Stored entries:
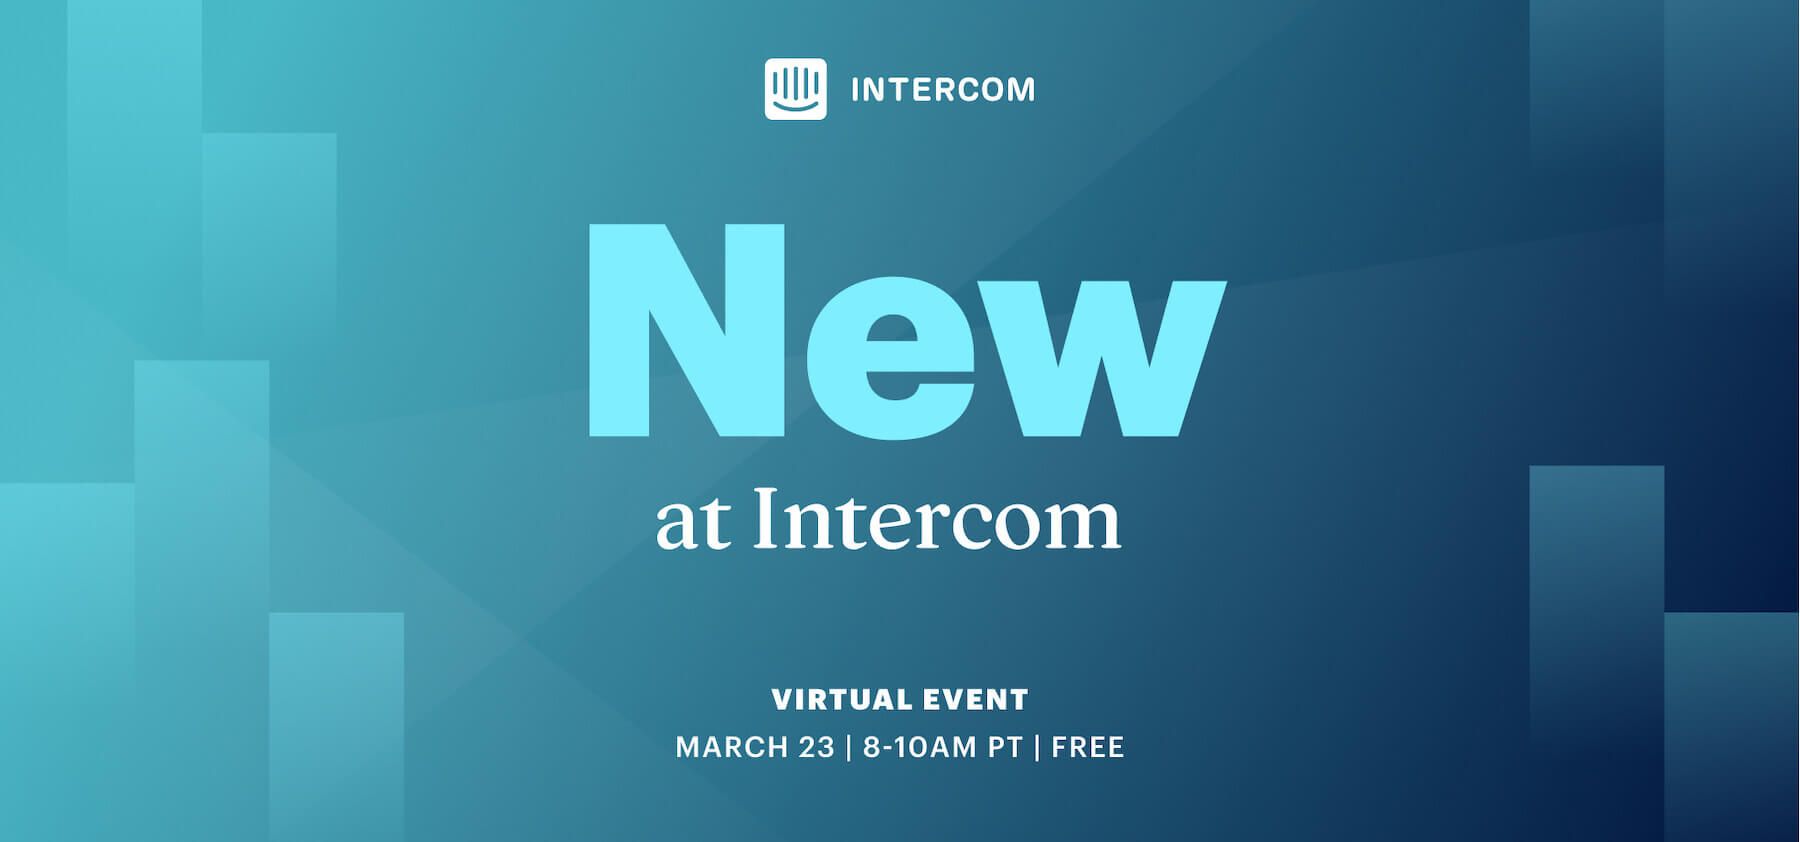 Introducing “New at Intercom” – our first virtual launch event
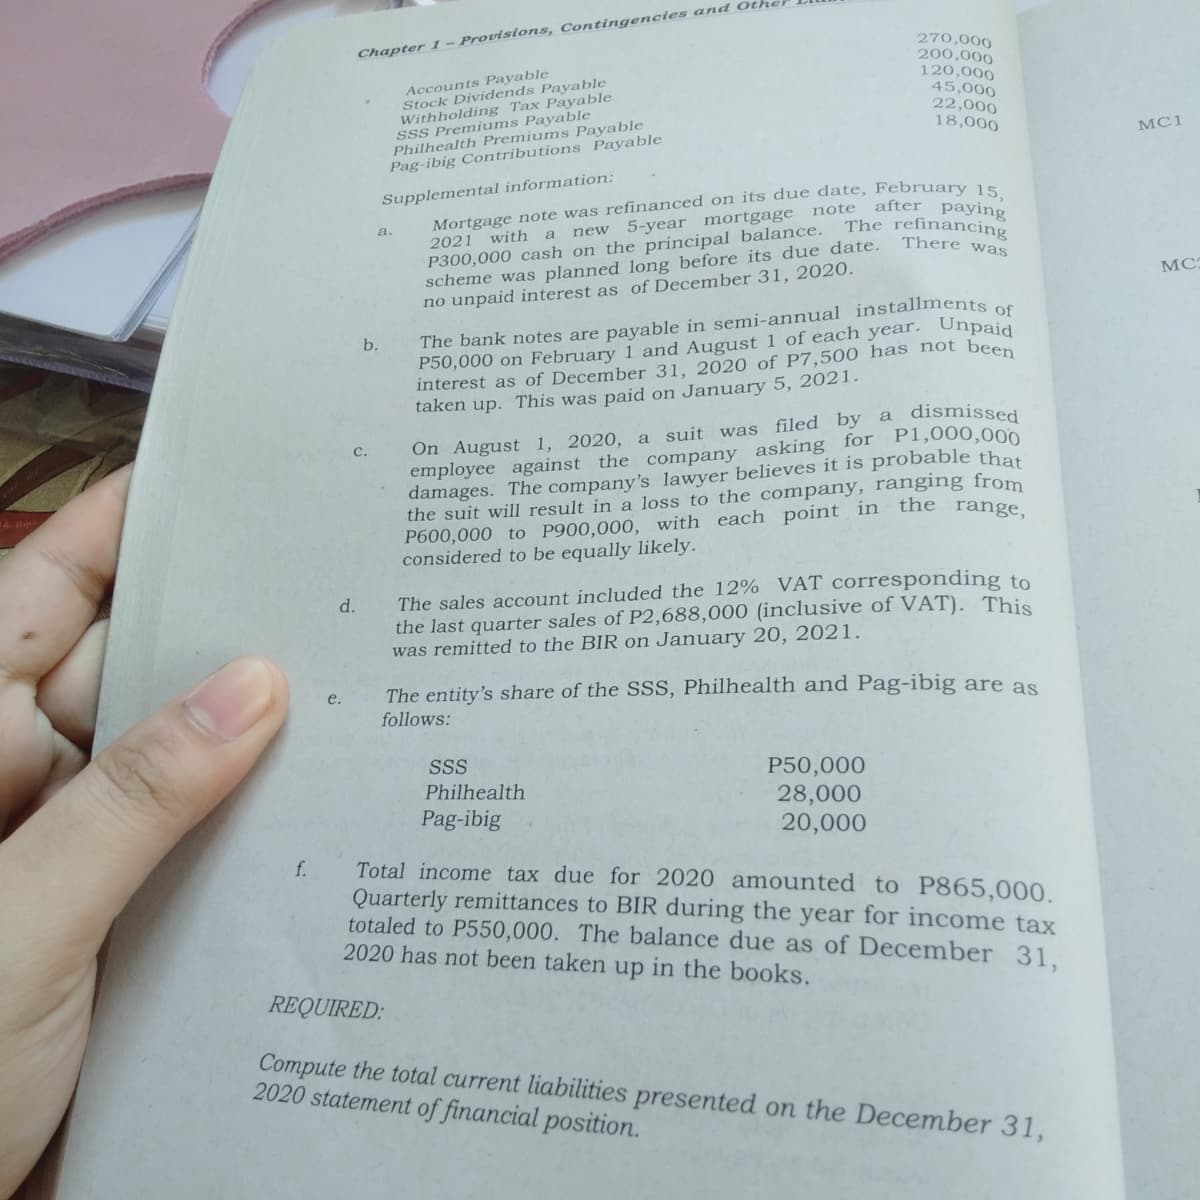 270,000
200,000
120,000
45,000
22,000
18,000
Chapter 1 – Provisions, Contingencies and Ot
Accounts Payable
Stock Dividends Payable
Withholding Tax Payable
SSS Premiums Payable
Philhealth Premiums Payable
Pag-ibig Contributions Payable
MC1
Supplemental information:
note after paying
a.
new 5-year mortgage
2021 with
There was
scheme was planned long before its due date.
no unpaid interest as of December 31, 2020.
МС
The bank notes are payable in semi-annual installments s
P50,000 on February 1 and August 1 of each year. Unpaid
interest as of December 31, 2020 of P7,500 has not been
taken up. This was paid on January 5, 2021.
b.
On August 1, 2020, a suit was filed by a dismissed
employee against the company asking for P1,000,000
damages. The company's lawyer believes it is probable that
the suit will result in a loss to the company, ranging from
P600,000 to P900,000, with each point in the
considered to be equally likely.
С.
range,
The sales account included the 12% VAT corresponding to
the last quarter sales of P2,688,000 (inclusive of VAT). This
was remitted to the BIR on January 20, 2021.
d.
The entity's share of the SSS, Philhealth and Pag-ibig are as
follows:
e.
SSS
P50,000
28,000
20,000
Philhealth
Pag-ibig
f.
Total income tax du
Quarterly remittances to BIR during the year for income tax
totaled to P550,000. The balance due as of December 31.
2020 has not been taken up in the books.
for 2020 amounted to P865,000.
REQUIRED:
Compute the total current liabilities presented on the December 31,
2020 statement of financial position.

WHAT THE TASK REQUIRES
Retype, exactly as written, each line from the one that has "Compute the total" to the bottom of the entries above, and include both of those lines.

ANSWER SECTION
Compute the total current liabilities presented on the December 31,
2020 statement of financial position.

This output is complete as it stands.